Careers in Sewing: Pattern magazine publisher Fibre Mood

Have you ever considered a Career in Sewing? Do you dream of ditching the 9-5 and pursuing your creative dreams? In this blog series we will be posting interviews for a range of different sewing jobs to give you a taste of what possibilities are out there. Today we interview Isabella who is founder and publisher of Fibre Mood pattern magazine.

We are really excited to now stock editions 4, 5 and 6 of the Fibre Mood sewing pattern magazine on our online shop.

 

Can you tell us about your job and where you work?

I always have to think of my job title, but it is ‘Managing Director’. I try to coordinate everything once the magazine is made, Teresa, as Creative Director coordinates the whole process of creating the patterns, the descriptions, the style advice, how to’s and choosing the fabric collection, etc.

I’m especially focused on the long term strategy and on daily basis with everything that has to do with building a community, marketing, collaborations with partners and fabric stores and exploring opportunities internationally, etc. We do have an office in the city center of Ghent, and our atelier is in Denderbelle, a small village half an hour driving from Ghent, where Teresa lives.

 

What is your background and how have you ended up working where you are?

When I was 5 years old I knitted my first pullover, and had a little sewing machine to make clothes for my puppets. Making things with my hands was my beloved way of spending my leisure time. But like all girls of my generation I also wanted to study. So I went to university to study literature and theatre science, while I was still sewing and knitting my own clothes. I worked in the culture scene for over 10 years, when a friend asked me: “Why don’t you do something with your sewing?”. This was the trigger for me to start thinking profoundly about it, since I noticed a lot of young woman had started to sew again. They would for sure encounter the same problem I had: the lack of modern sewing patterns with a very good explanation of how to make them. Out of my thinking process came ‘La Maison Victor’ (named after the street where I live in Ghent). I went with my concept to an editor and we launched it together. It was an instant success. It was as if women of all ages were waiting for it.

Since 2015 the editor ended up in difficult waters, selling titles and firing people. La Maison Victor was spared, but the editor wasn’t a safe haven anymore. Good people left the company, figures went down, except for La Maison Victor. Together with my right-hand Teresa, who drew all the sewing patterns, we asked for a management buyout in September 2017. Instead of taking our question seriously, we were fired in December 2017. Two weeks later La Maison Victor was sold to another editor. We both mourned the loss of our creation, but at the same time, in sorrow we found the courage and power to start over. Our story wasn’t finished at all, Teresa and I wanted to do so much more, bringing joy and enthusiasm to anyone who wanted to make her or his own stylish wardrobe. Fibre Mood was born in June 2018, a hybrid concept with basic information on paper and a very elaborated online platform, where like-minded people can find each other and all the necessary information to make a successful project. Today, after one year we welcome 25.000 Sewistas, selling Fibre Mood worldwide, and having the pleasure to serve subscribers in 22 countries. And it feels as if we are just starting ;-).

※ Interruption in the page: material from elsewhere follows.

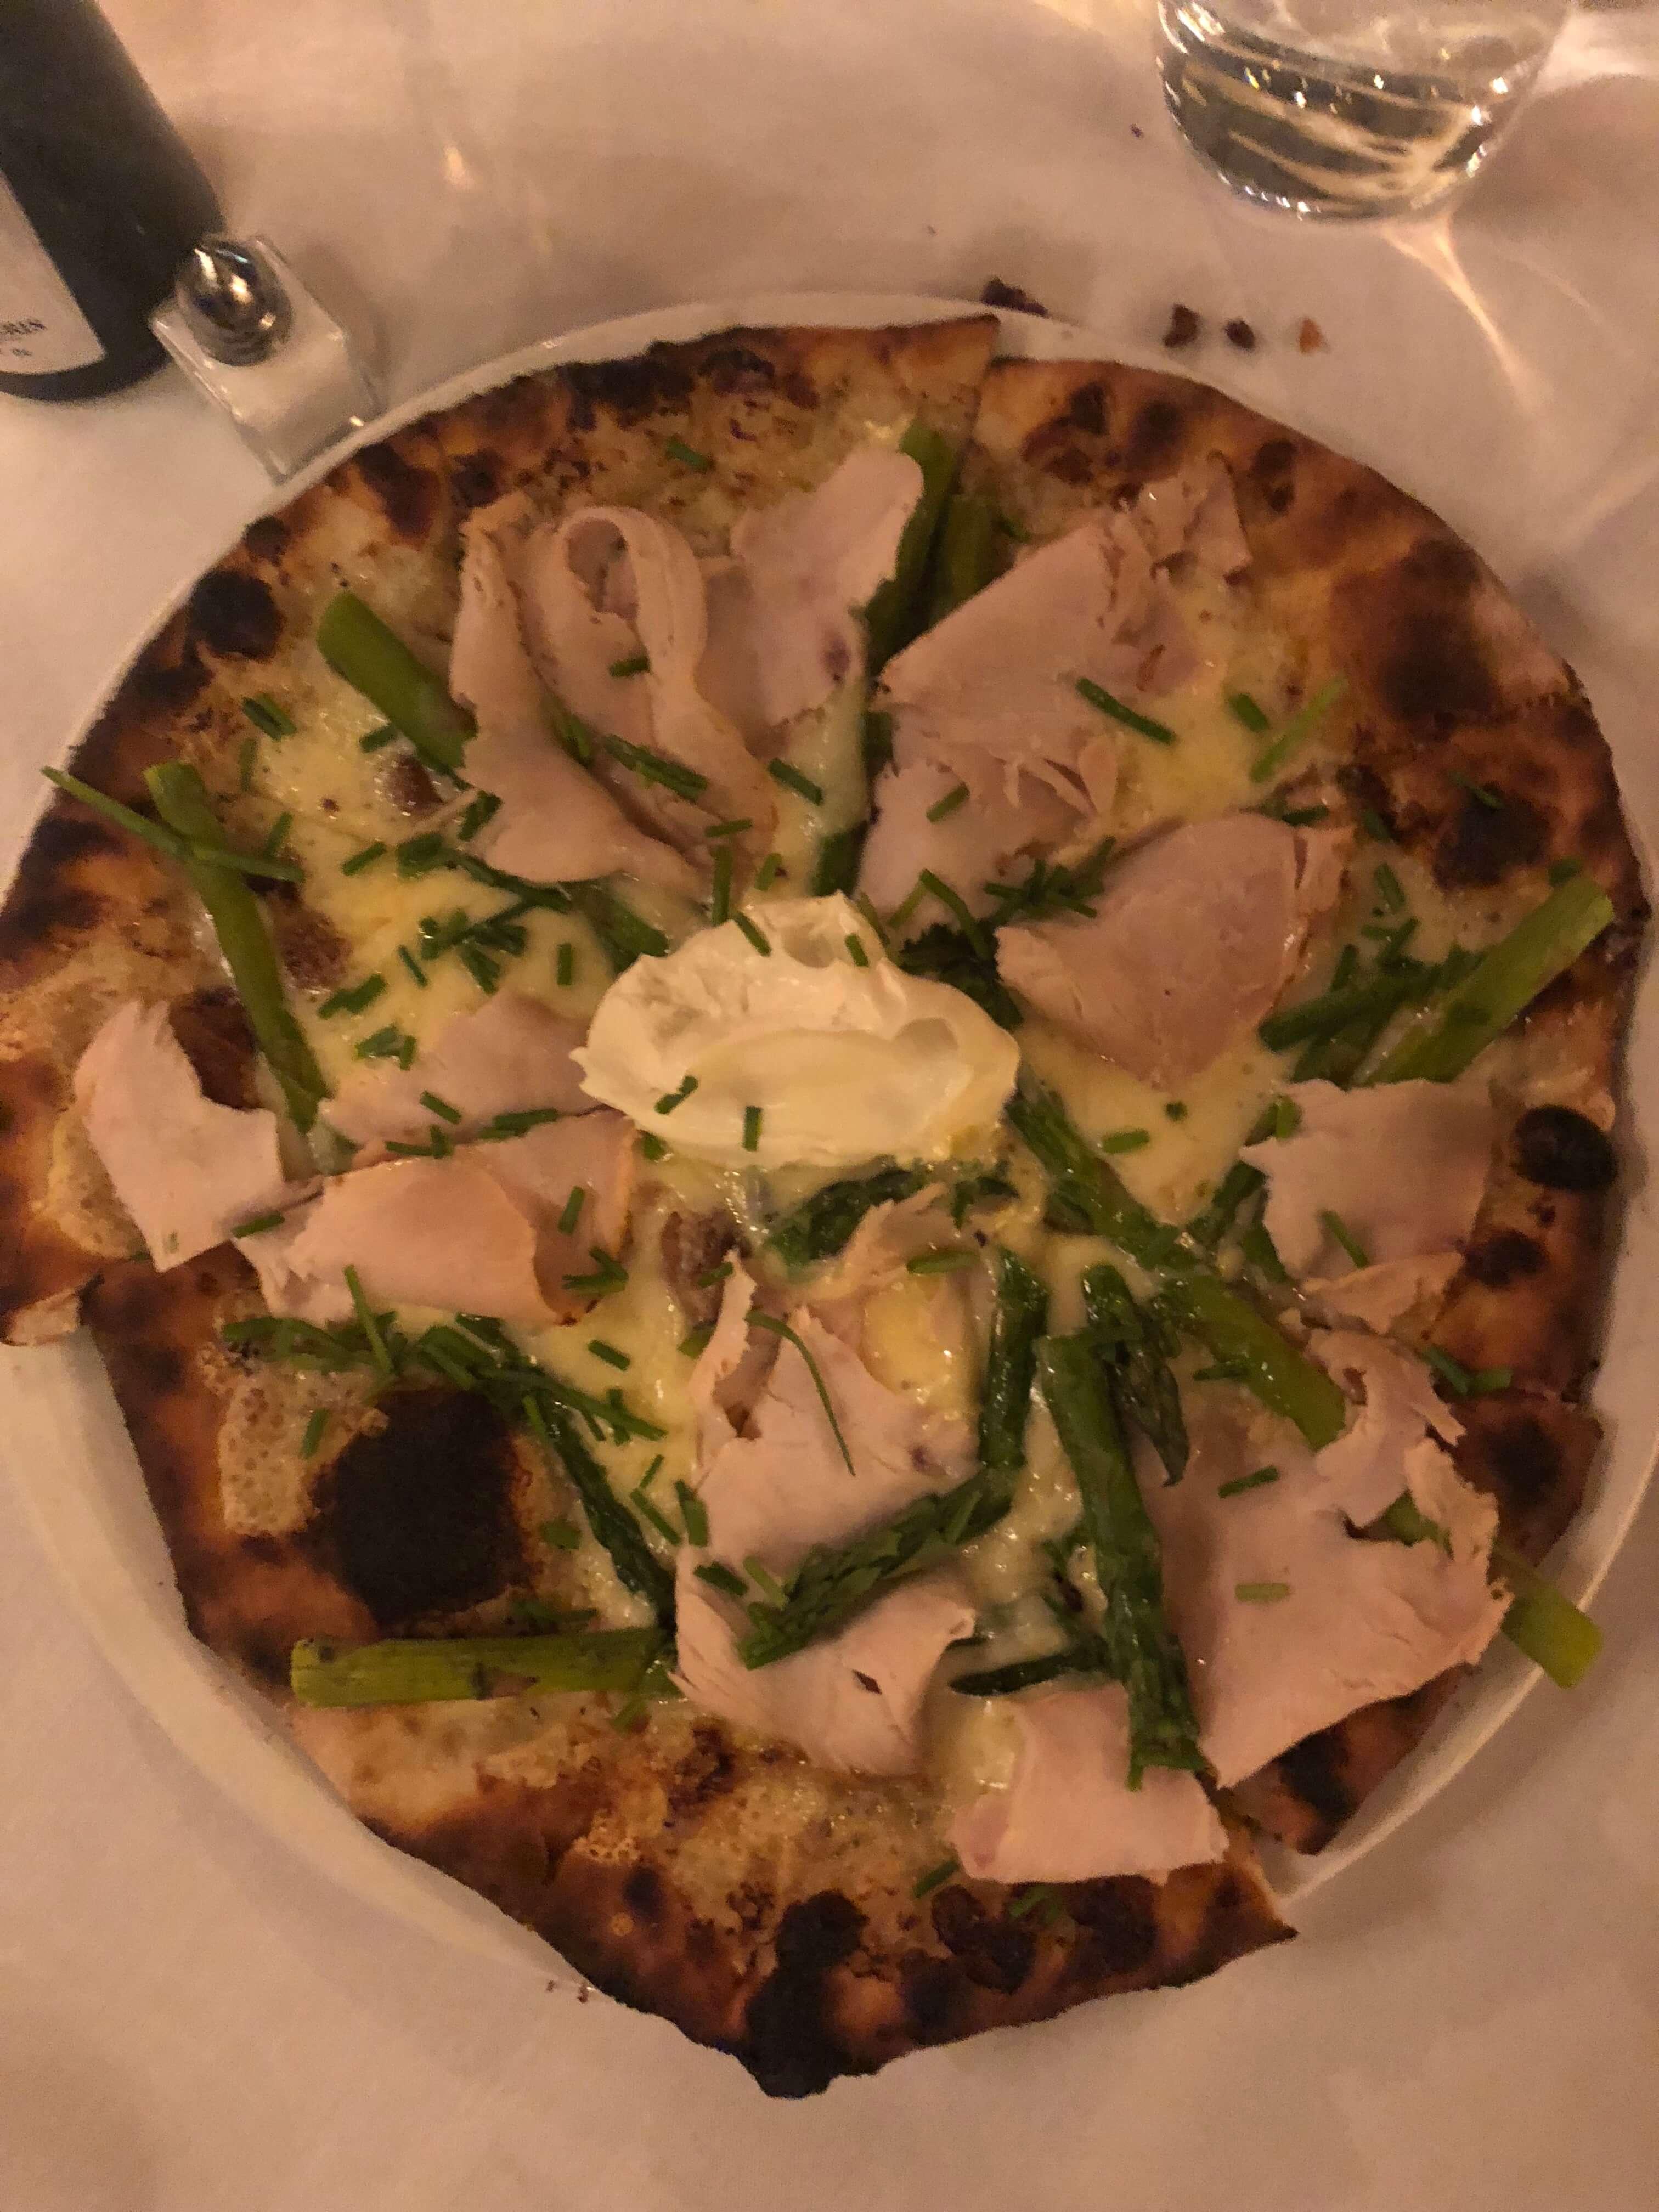 serafina tribeca thanksgiving pizza

What do you do in a typical day?

I start every day with the orders in the webshop. I pass them to our fulfillment partner, an institution that works with disabled people. You can read more about them here. I’m really proud that we collaborate with them. And they are proud as well. The rest of my day always looks different. On Mondays we have a social media meeting: what do we post this week, is there a give away, what is the mood of the week, what will be written in the newsletter, is their extra content for the web (trend articles, interviews, …), a competition, etc? On Tuesdays we have content meetings: which patterns will be in the next magazine, what is the location of the next photoshoot? Which models do we see for the next magazine, etc; On Wednesdays I’m working from home and do in silence all my own to-dos. On Thursday we have marketing meeting and meetings with our conversation managers. Friday is my financial day. Invoices, payments, figures, etc. A very important part of every business.

What are the best and the worst bits?

Seeing every day so many beautiful creations from Sewistas with our patterns. They really inspire me and trigger me to make a pattern I wouldn’t have made at first. I love it!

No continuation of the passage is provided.